:: Provided data ::

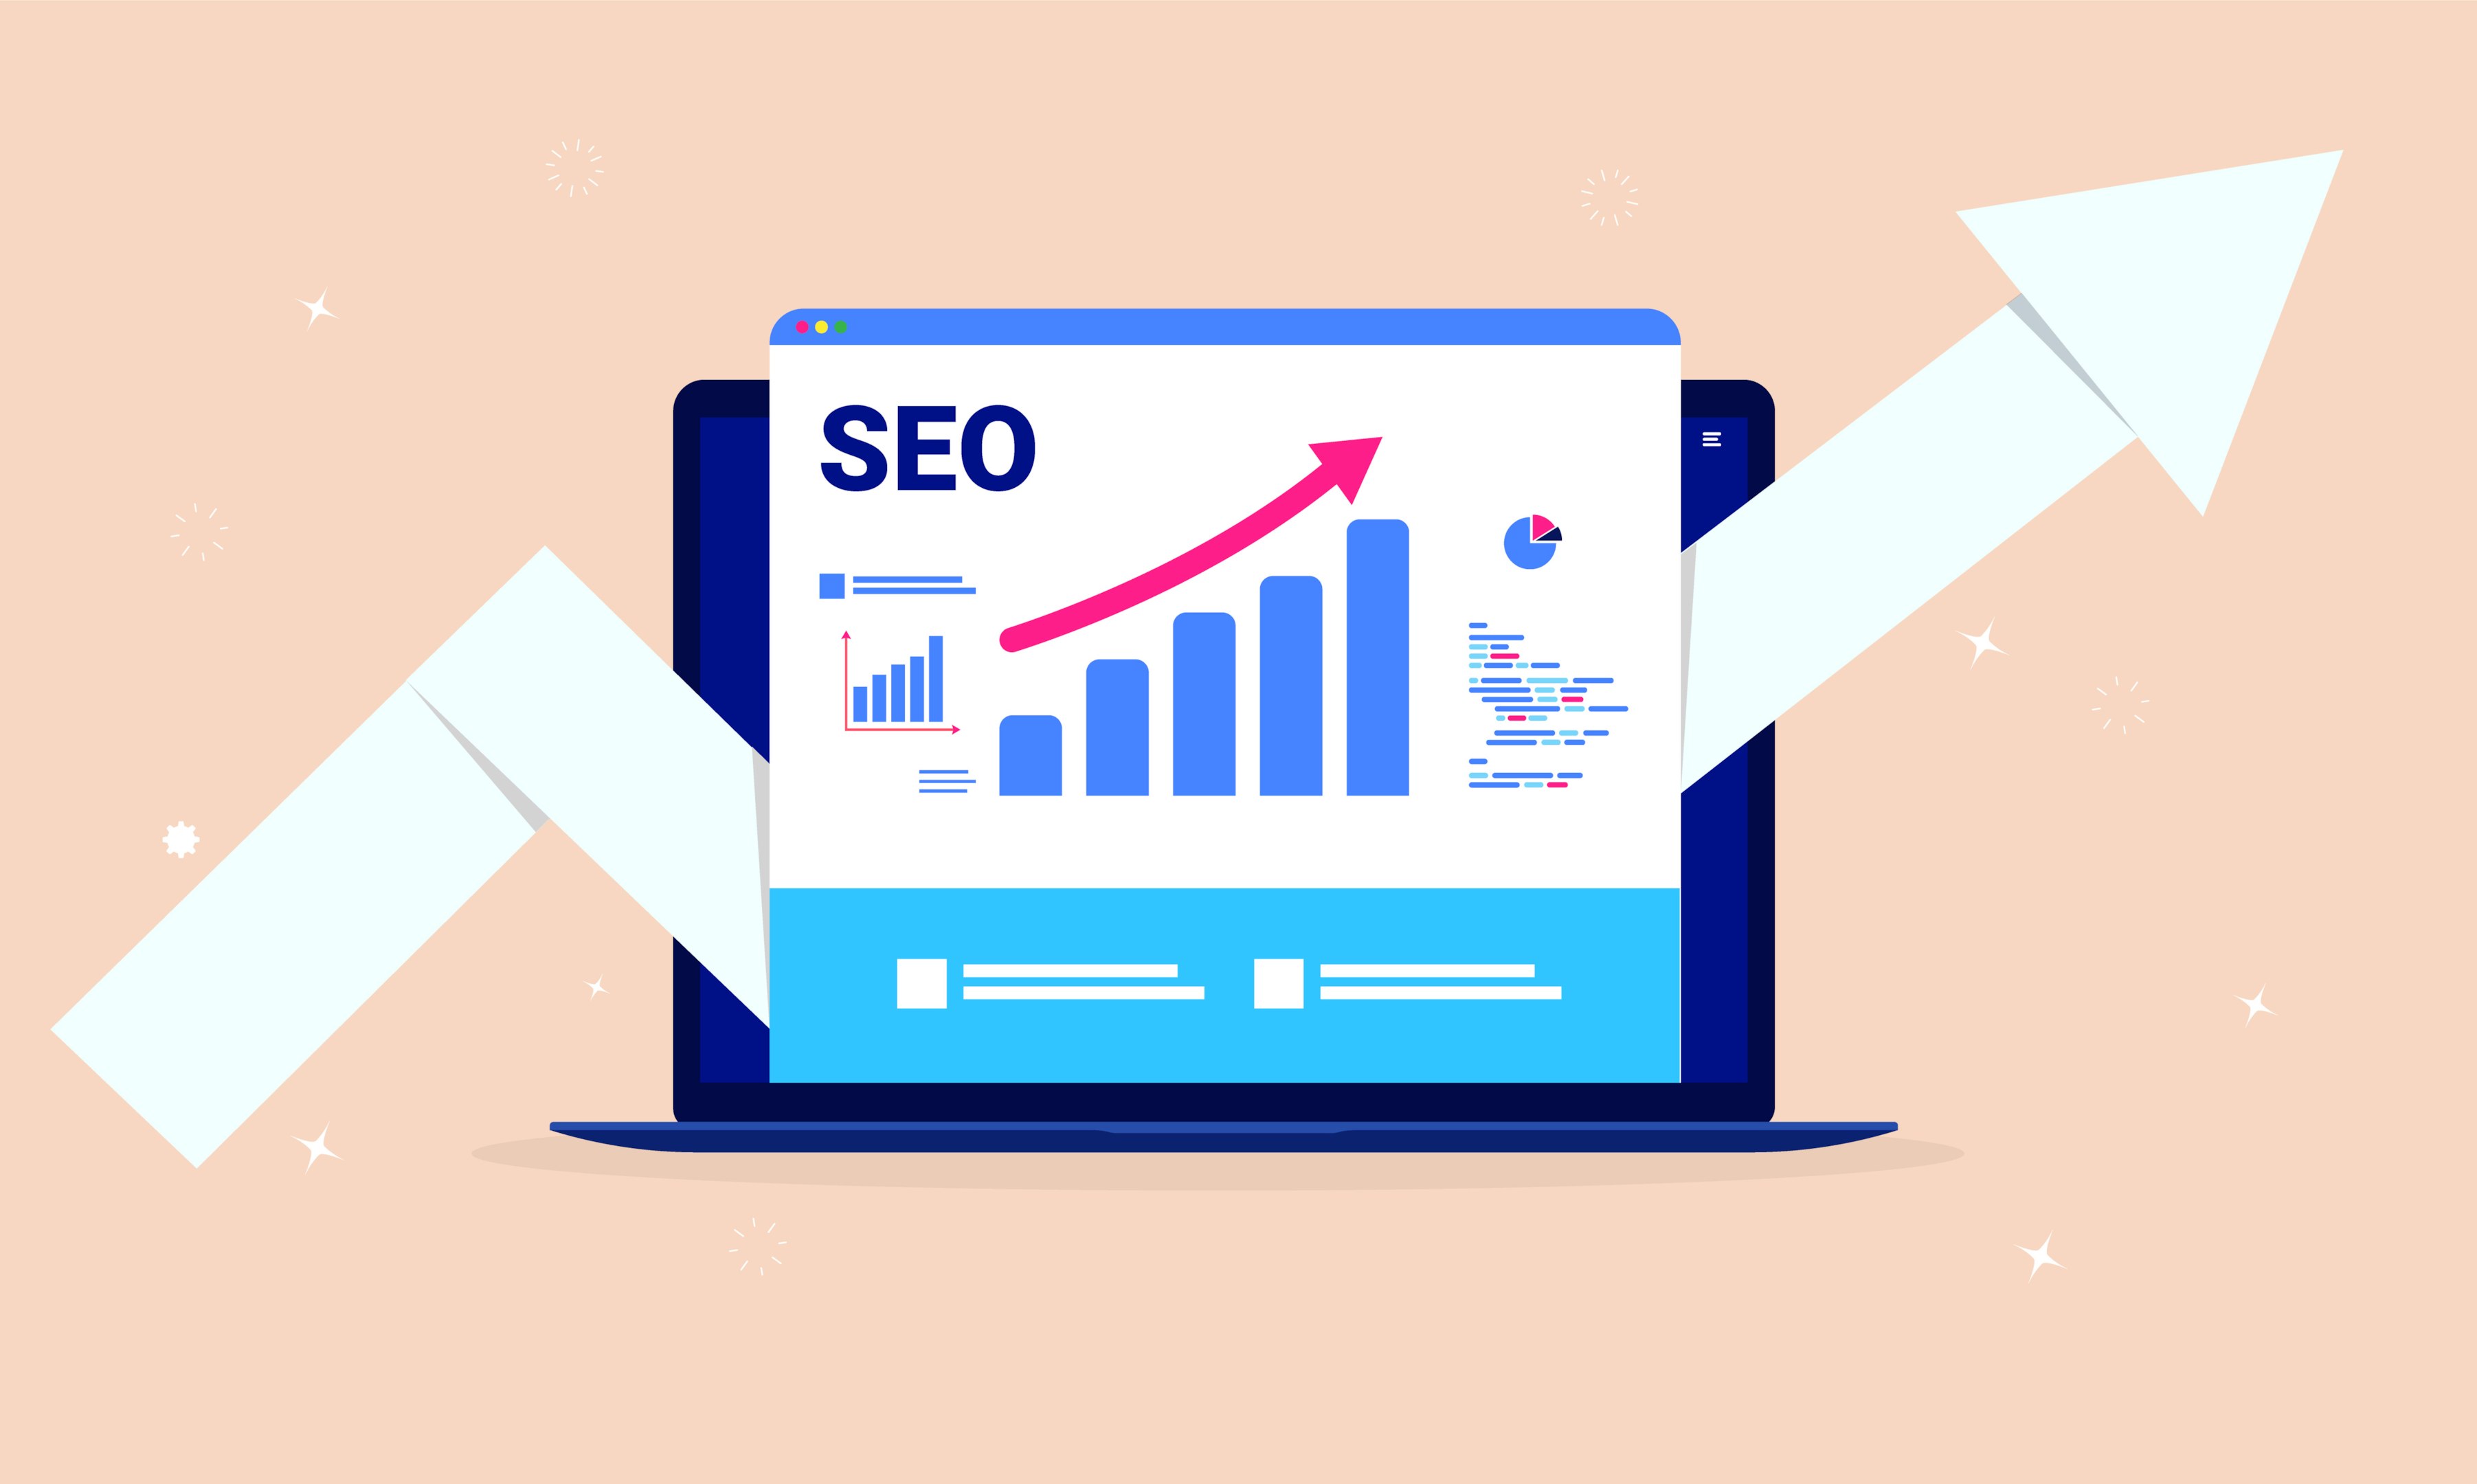 seo along with reputation management
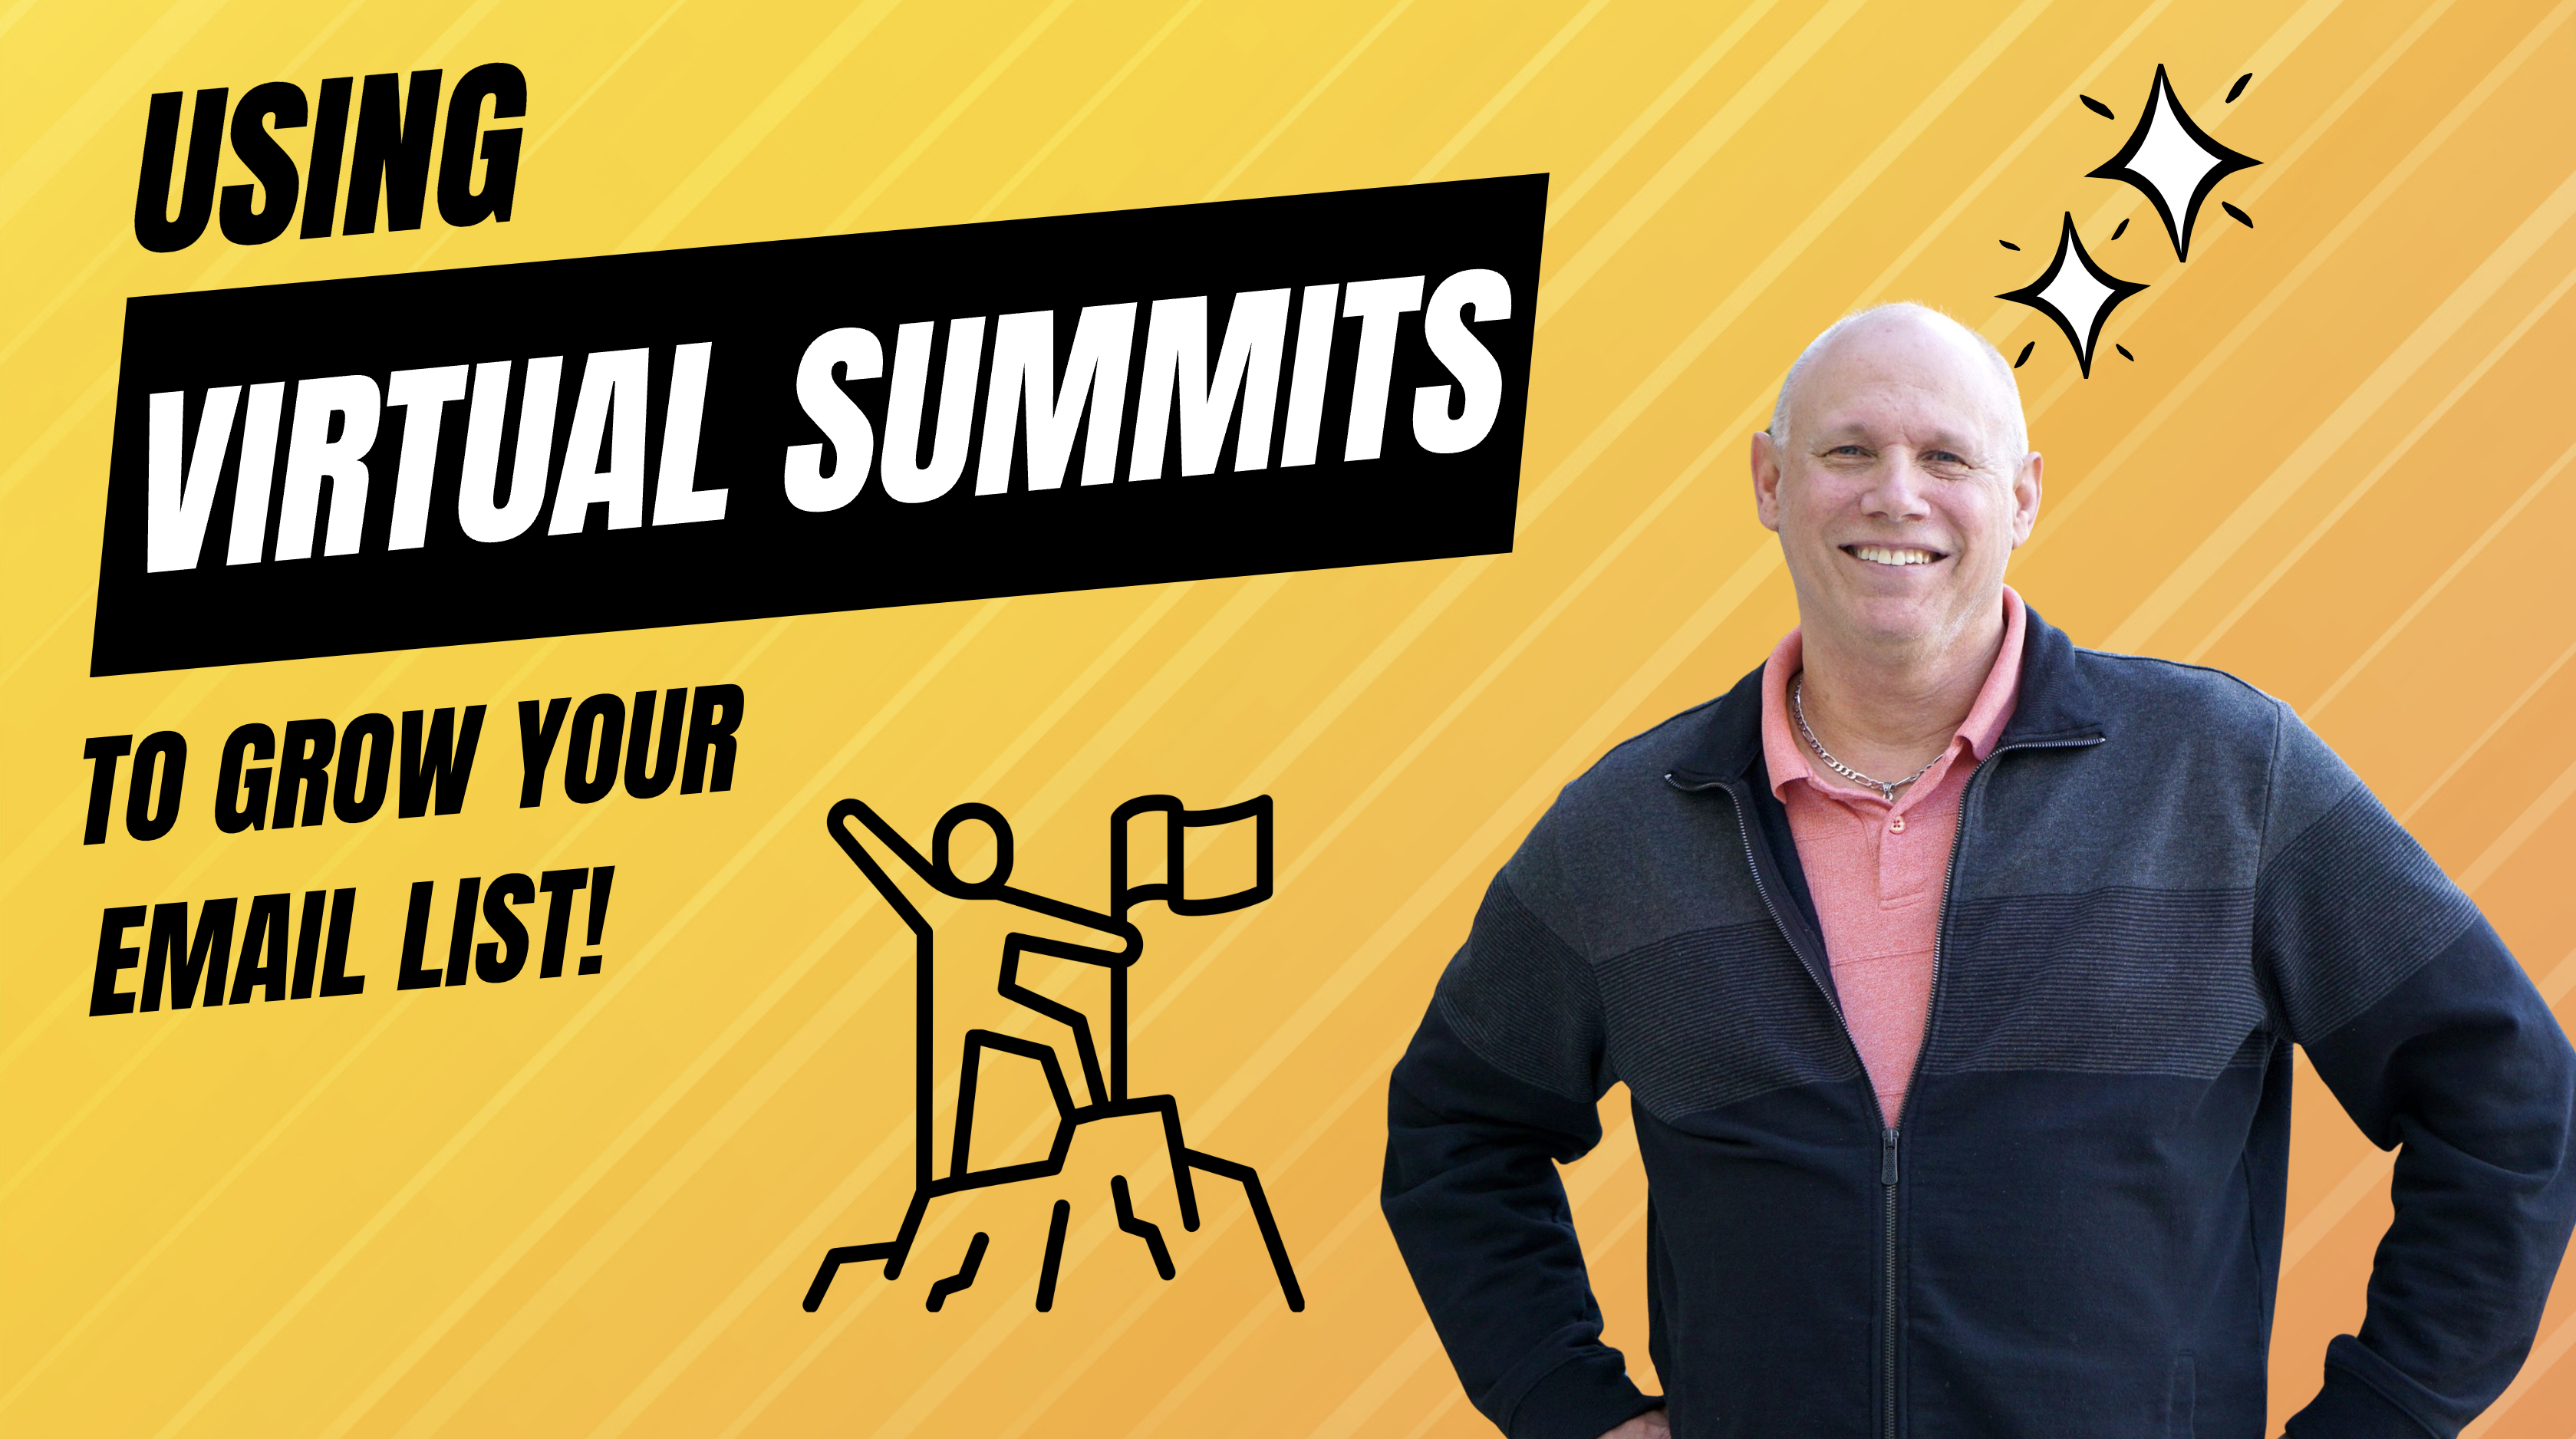 Can You Use Virtual Summits for Effective List Building?
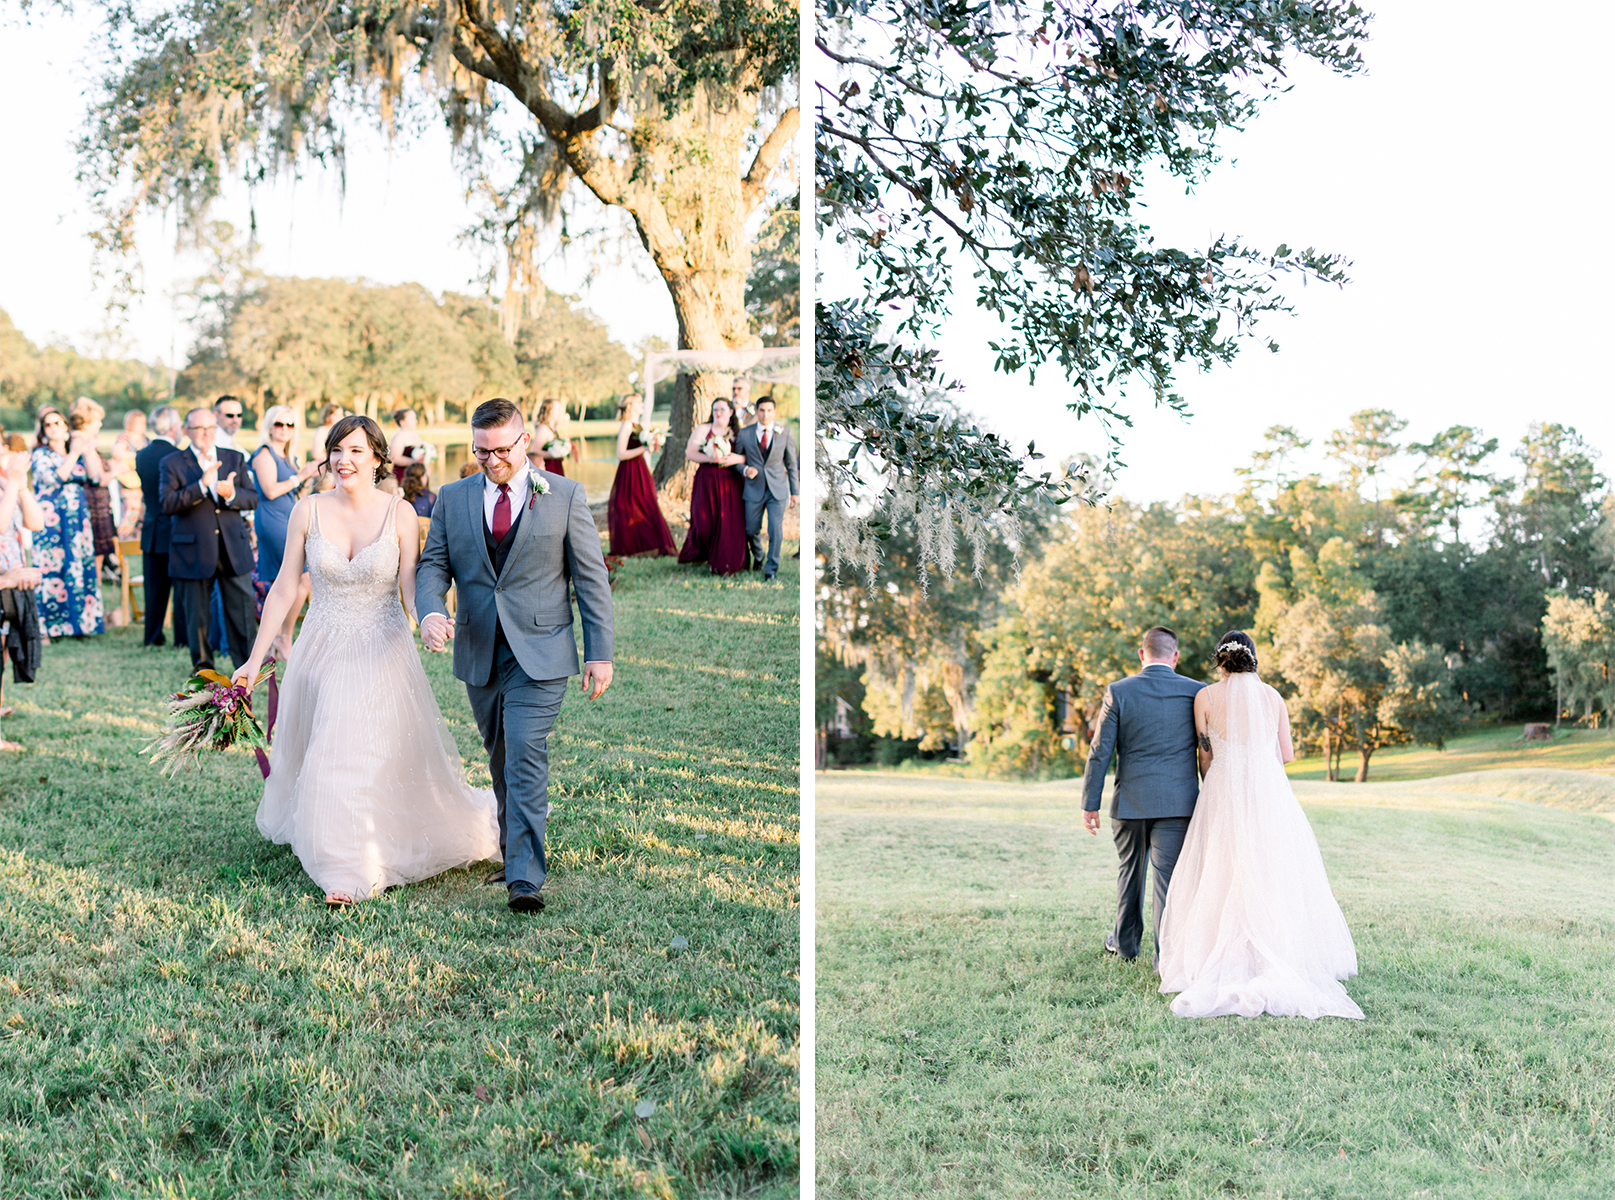 Bride and Groom Recessional

:::

*Requirement:*
Restate all the material verbatim; omit every picture.

*Answer for the task:*
 seo along with reputation management
 Can You Use Virtual Summits for Effective List Building?
 Bride and Groom Recessional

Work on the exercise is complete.